Required action:
Exact copy, pictures excluded: write out every line below.

Exercise data:
- - - - -

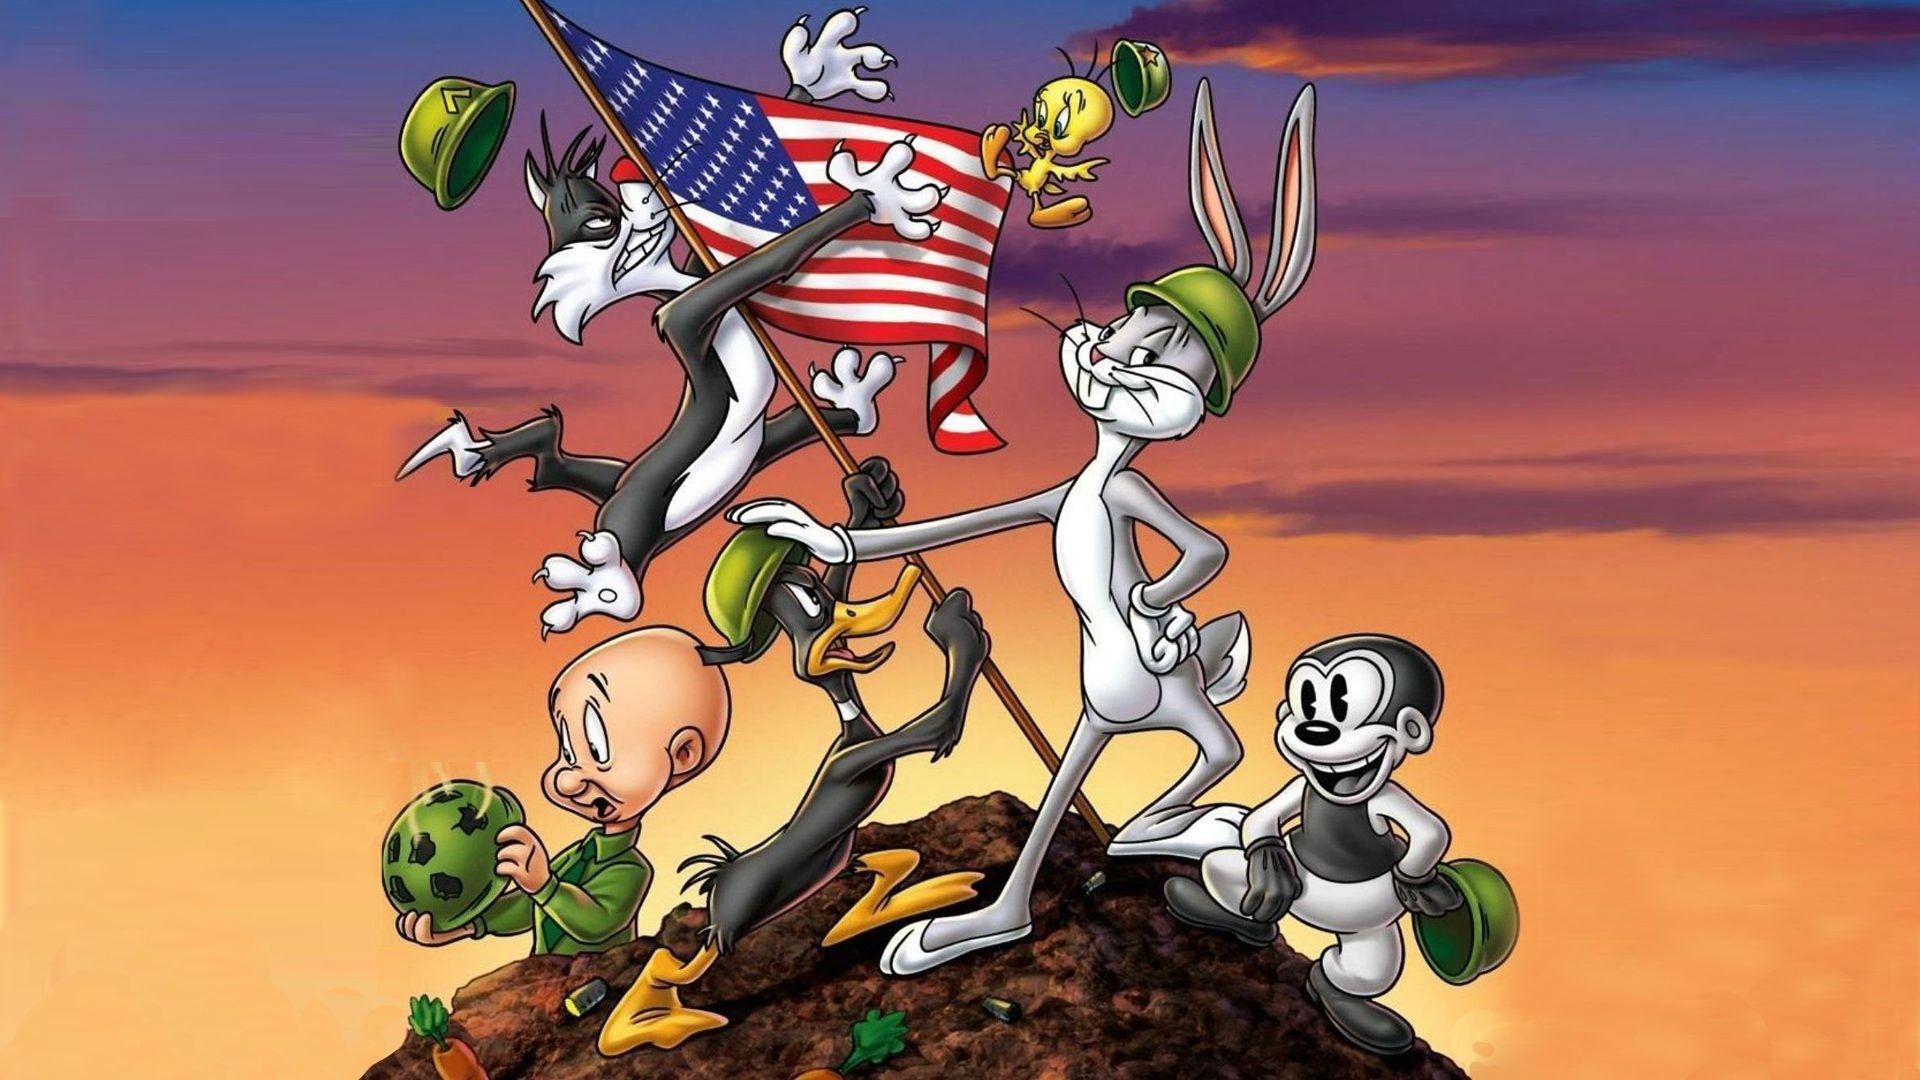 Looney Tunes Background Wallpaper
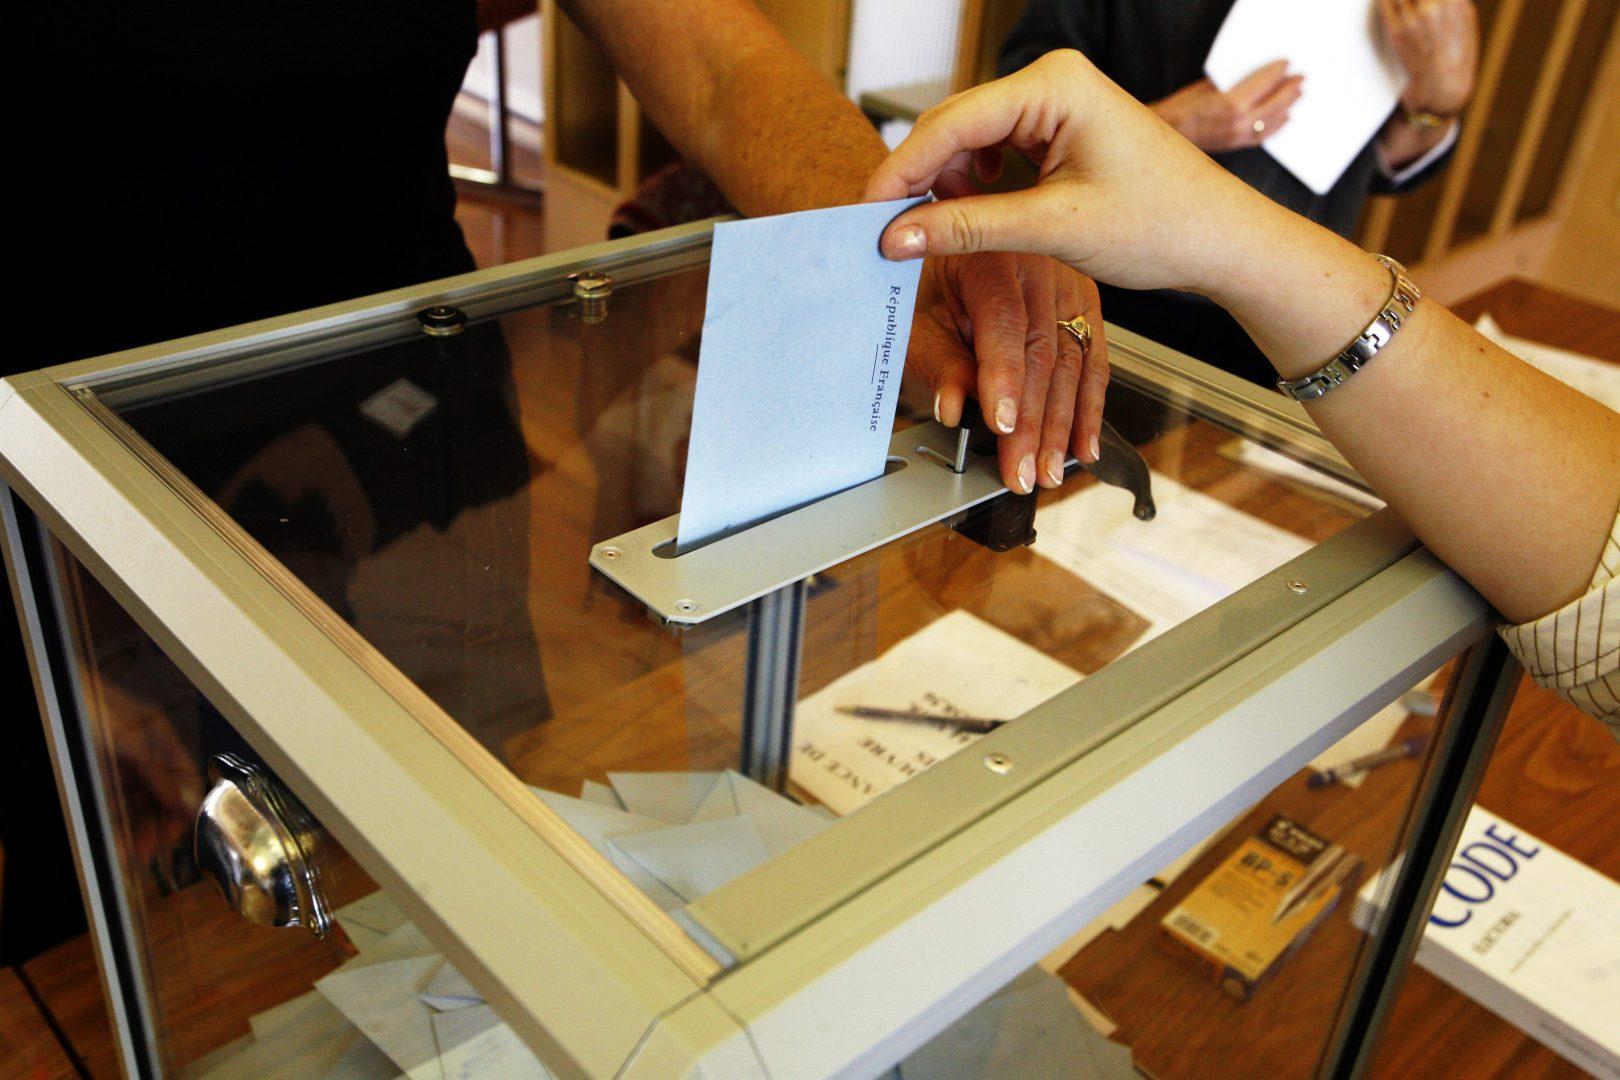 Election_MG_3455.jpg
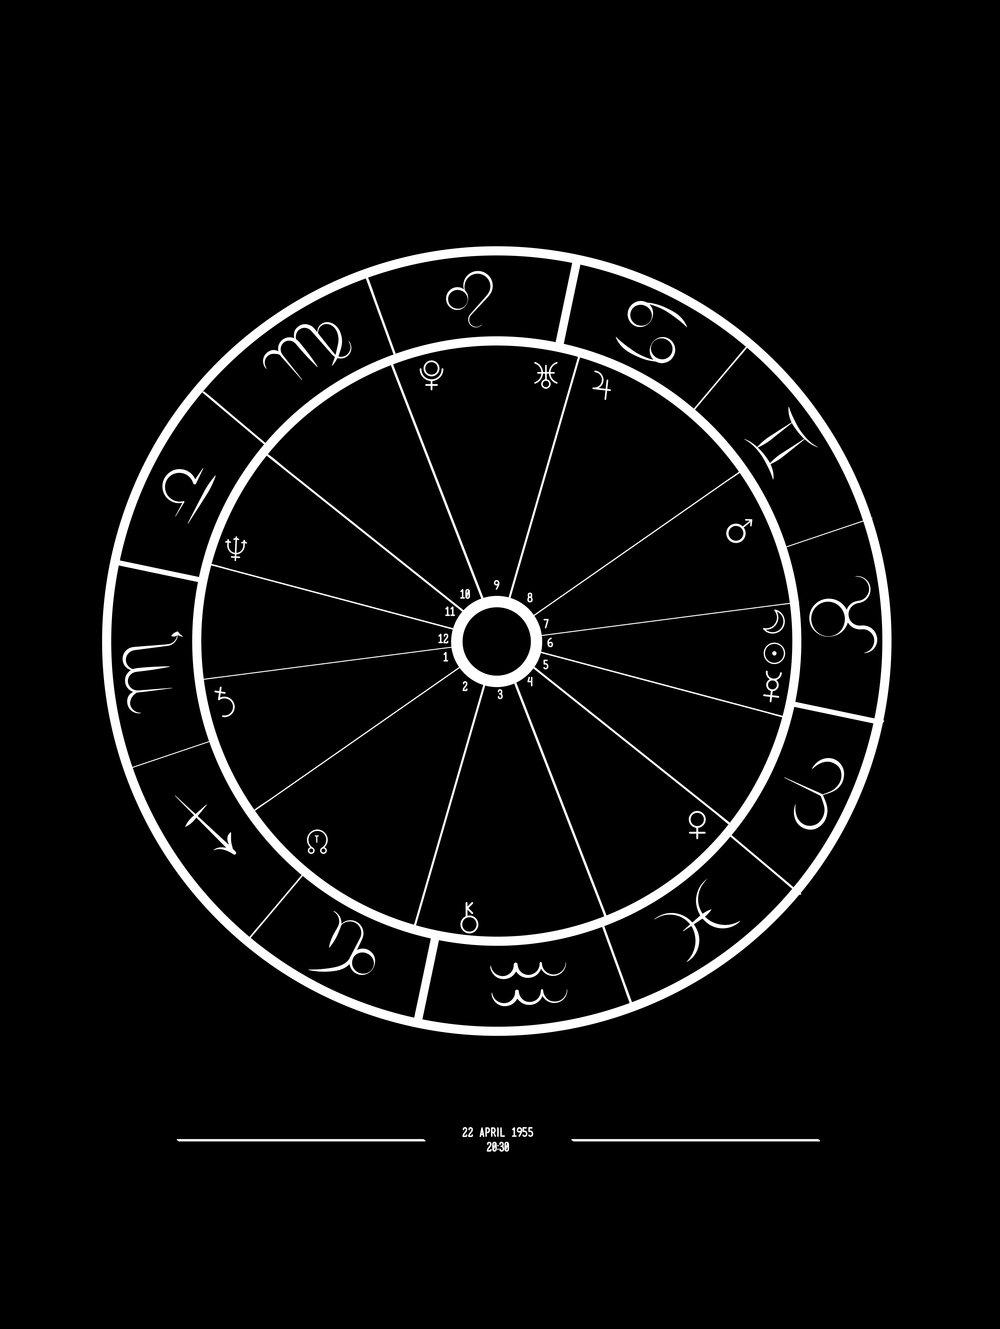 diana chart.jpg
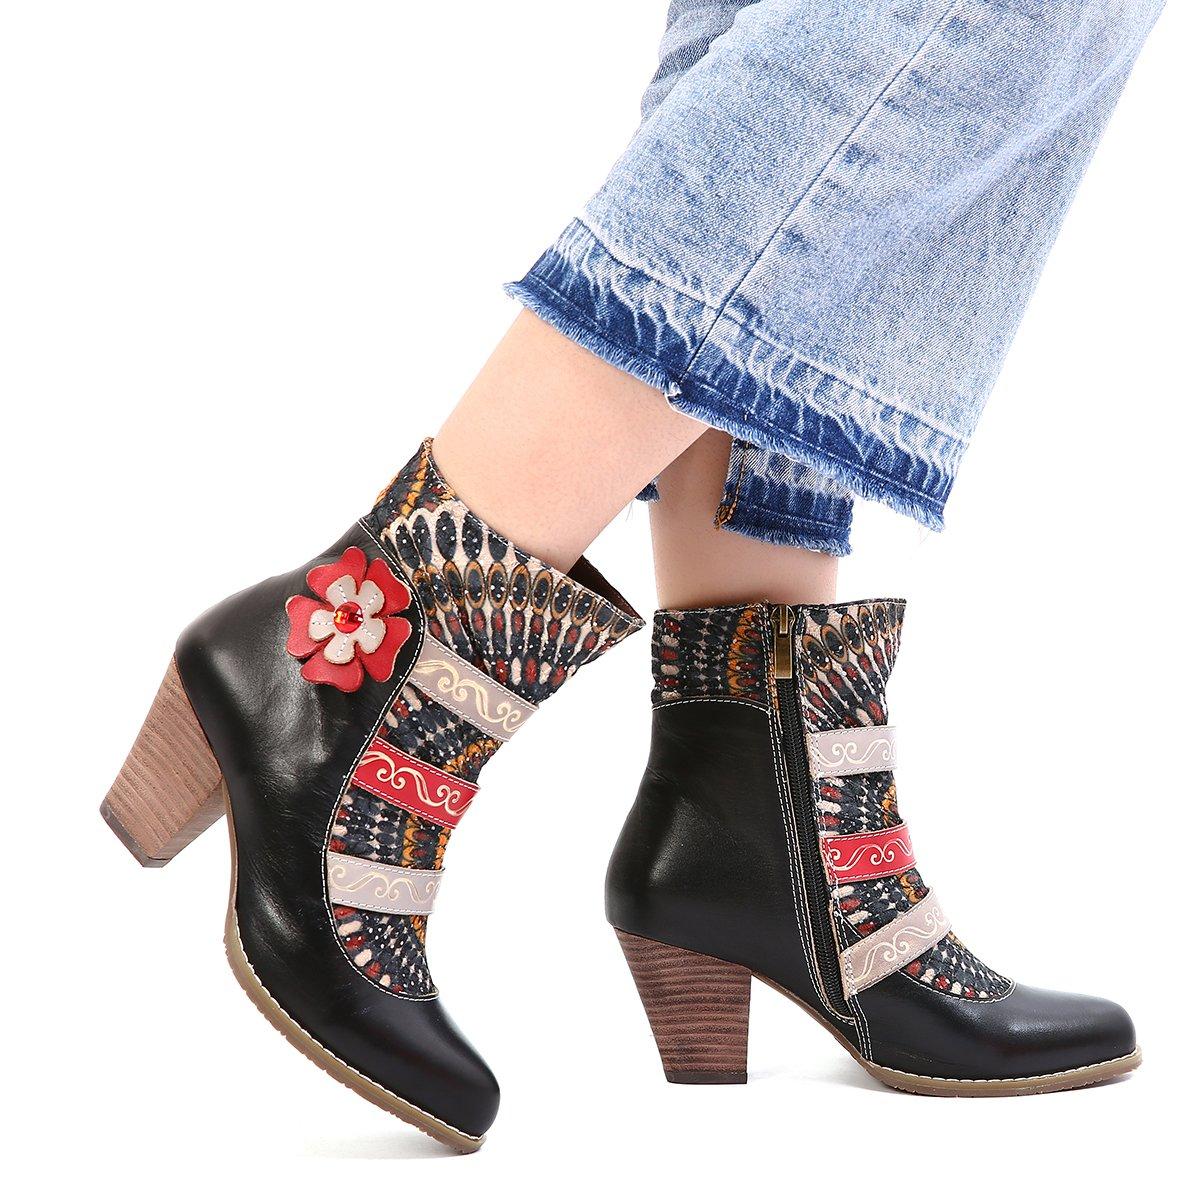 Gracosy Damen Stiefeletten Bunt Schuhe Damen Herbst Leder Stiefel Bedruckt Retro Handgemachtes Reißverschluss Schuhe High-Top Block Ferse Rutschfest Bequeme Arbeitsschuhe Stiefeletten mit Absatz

- - - - -

Exercise answer:
 Looney Tunes Background Wallpaper
 Election_MG_3455.jpg
 diana chart.jpg
 Gracosy Damen Stiefeletten Bunt Schuhe Damen Herbst Leder Stiefel Bedruckt Retro Handgemachtes Reißverschluss Schuhe High-Top Block Ferse Rutschfest Bequeme Arbeitsschuhe Stiefeletten mit Absatz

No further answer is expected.